§ Work order
Your output is to hold only the lines from the one showing "クラシック交響曲 エーテル 憂鬱 ...の再生済みの波形" through the end of the listing, exactly, with every picture excluded.

§ Data segment
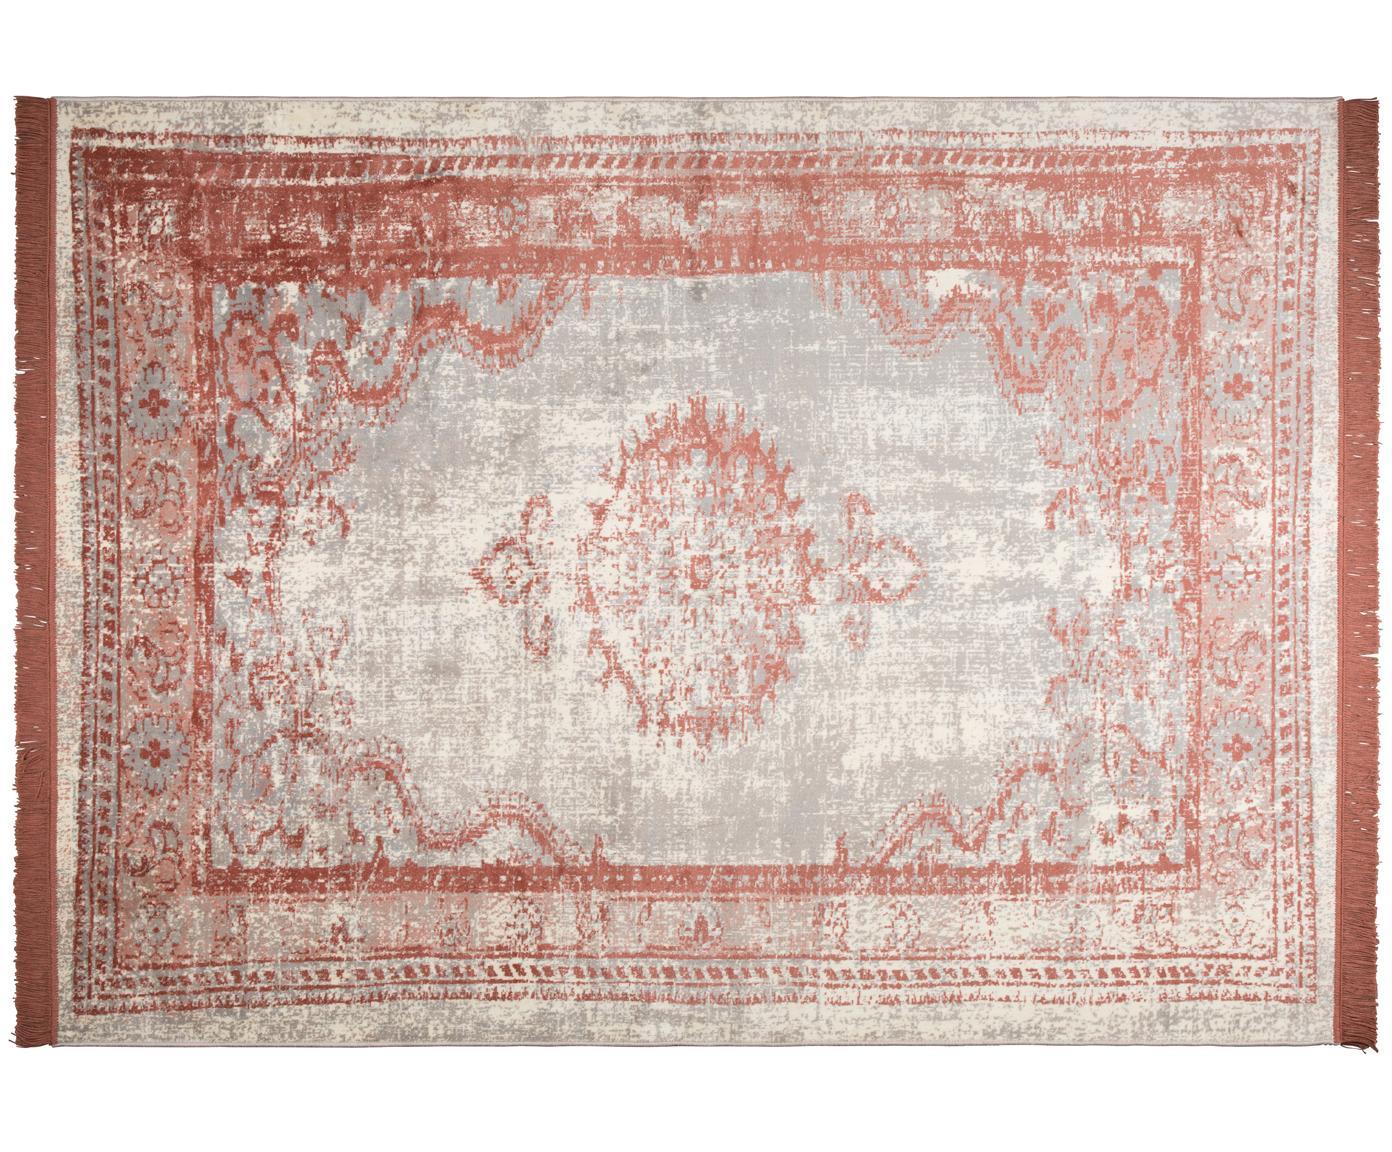 Vintage Teppich Marvel mit Fransen, Flor: 66% Kunstseide, 25% Baumw, Lachsrot und Beigetöne, B 200 x L 300 cm (Grösse L)
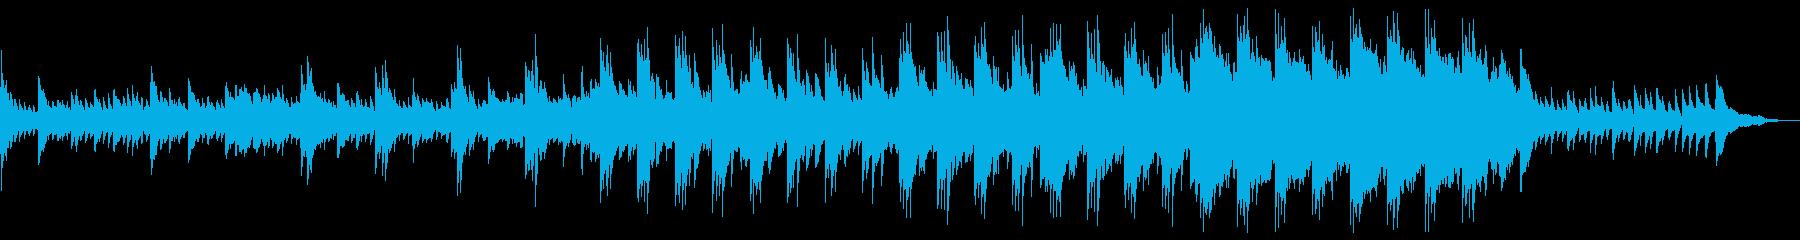 クラシック交響曲 エーテル 憂鬱 ...の再生済みの波形
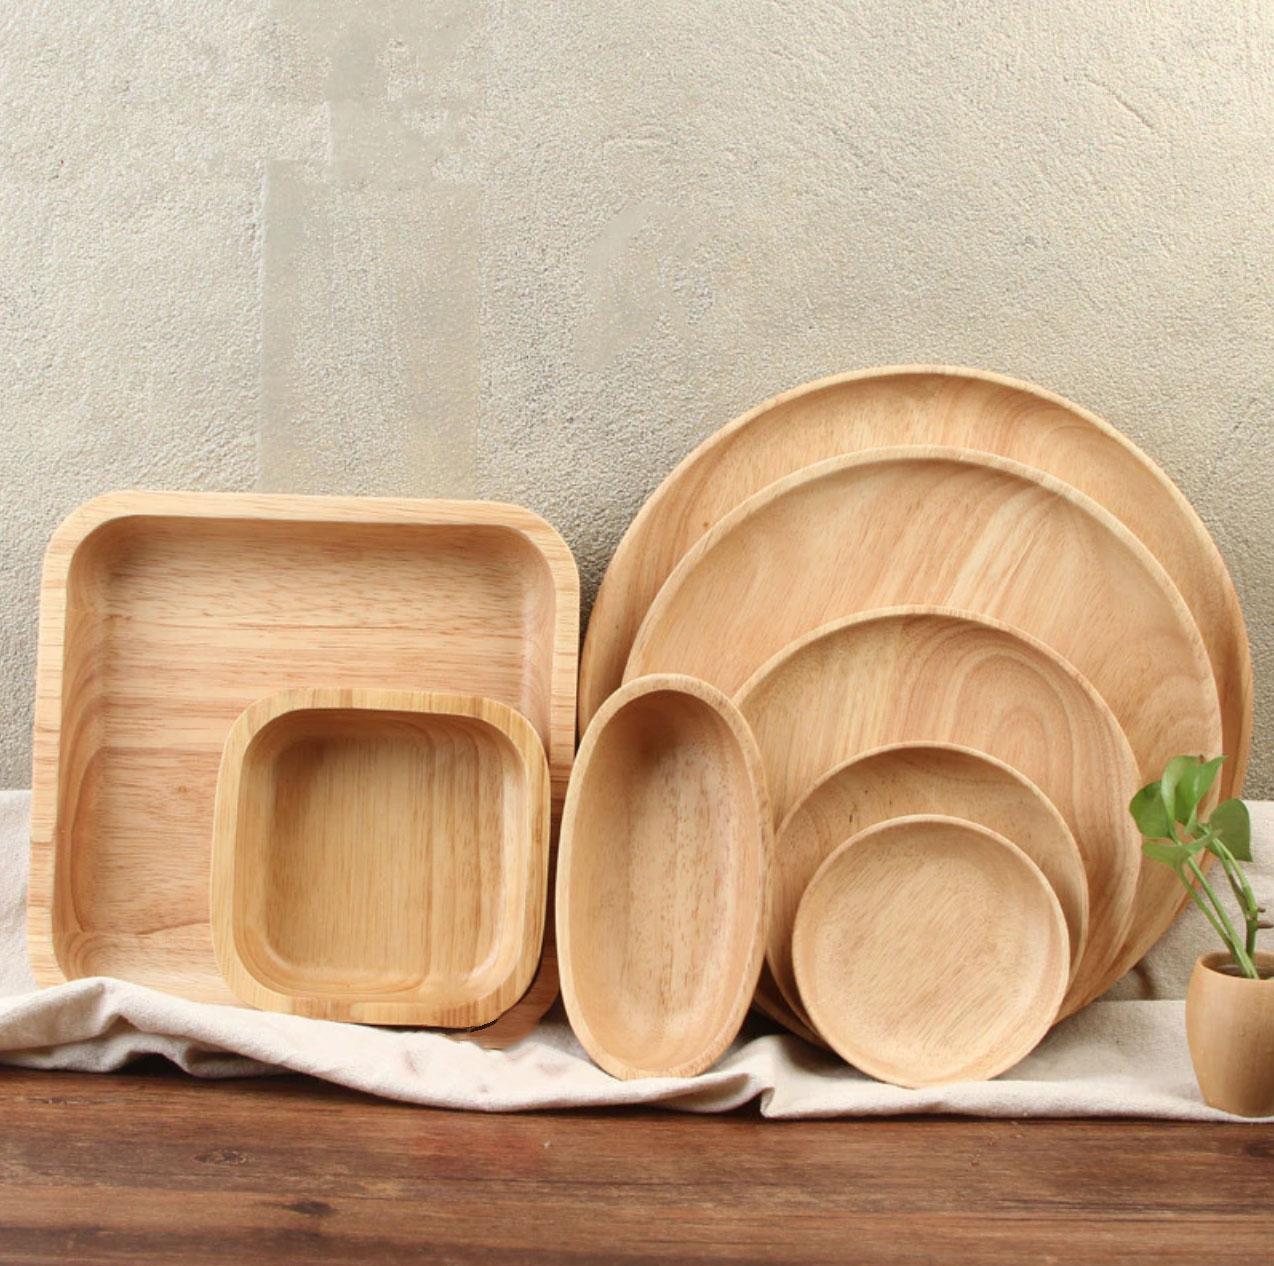 platos-y-bandejas-de-madera-amazonia

§ Response to this exercise
 クラシック交響曲 エーテル 憂鬱 ...の再生済みの波形
 platos-y-bandejas-de-madera-amazonia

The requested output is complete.